Metabaltoceras Temporal range: Early Ordovician

Scientific classification
- Kingdom: Animalia
- Phylum: Mollusca
- Class: Cephalopoda
- Order: †Orthocerida
- Family: †Baltoceratidae
- Genus: †Metabaltoceras Flower, 1964
- Species: M. fusiforme; M. minutum;

= Metabaltoceras =

Extinct genus of nautiloids

Metabaltoceras, first described by Rousseau Flower in 1964, is a fossil cephalopod genus in the family Baltoceratidae, with a small, slender, fairly fusiform shell, and a large empty siphuncle in contact with the ventral surface. The siphuncle is achoanitic, having virtually no septal necks, segments formed all but entirely by connecting rings. Shells are generally straight, beginning with a subcircular cross section in the adapical portion but becoming faintly depressed adorally (toward the front).

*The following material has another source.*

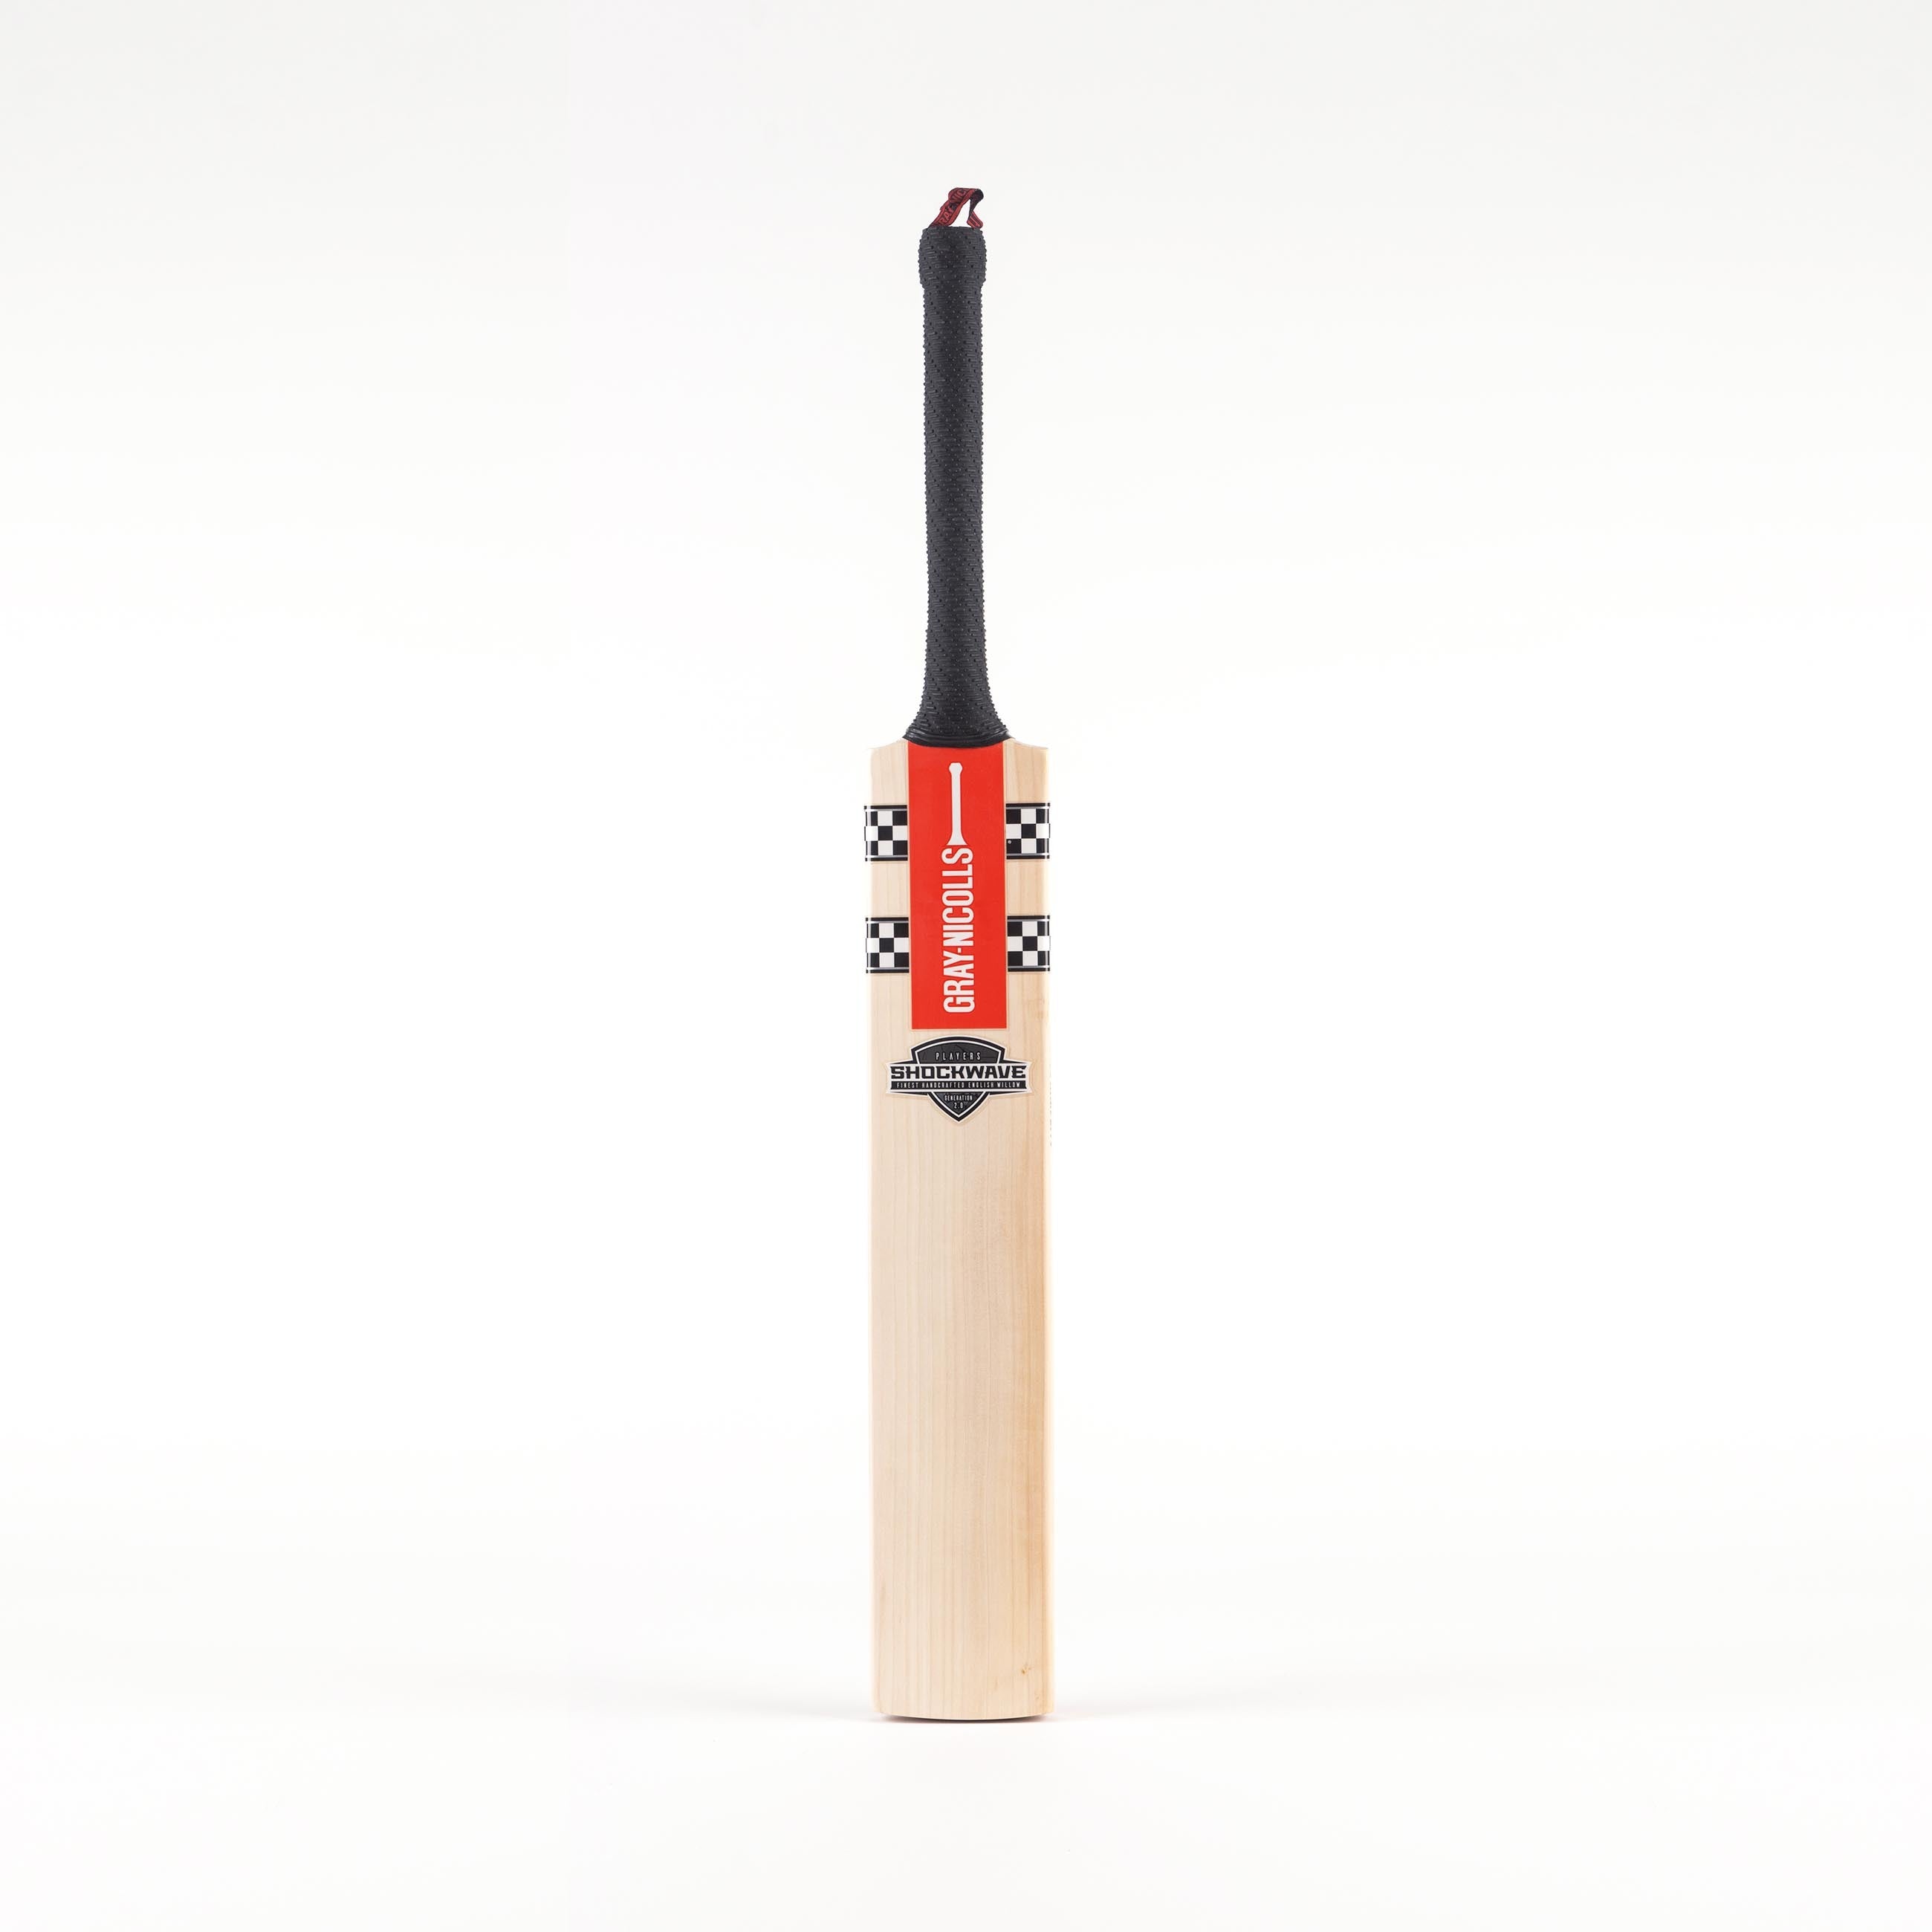 CACB24English Willow Bats Shockwave Gen 2.0 Players Bat, Face

Sutures are straight and transverse except ventrally, where they produce deep, prominent lobes.

==Species==
The holotype of Matabaltoceras fusiforme is a 48mm long specimen, consisting of 23mm of phragmocone and 25mm of living, or body, chamber, that was found in an erratic boulder of Fort Cassin Limestone between West Chazy and Beekmantown in upstate New York in the United States, associated with Proterocameroceras brainerdi and Centrotarphyceras seelyi. A second and older species, Metabaltoceras menutum, is based on a 28mm long specimen from beds just above the oolite in Mudsprings Mountain in southern New Mexico. Originally in the collection of Rousseau Flower, both are now in the collection of the New Mexico Museum of Natural History and Science in Albuquerque.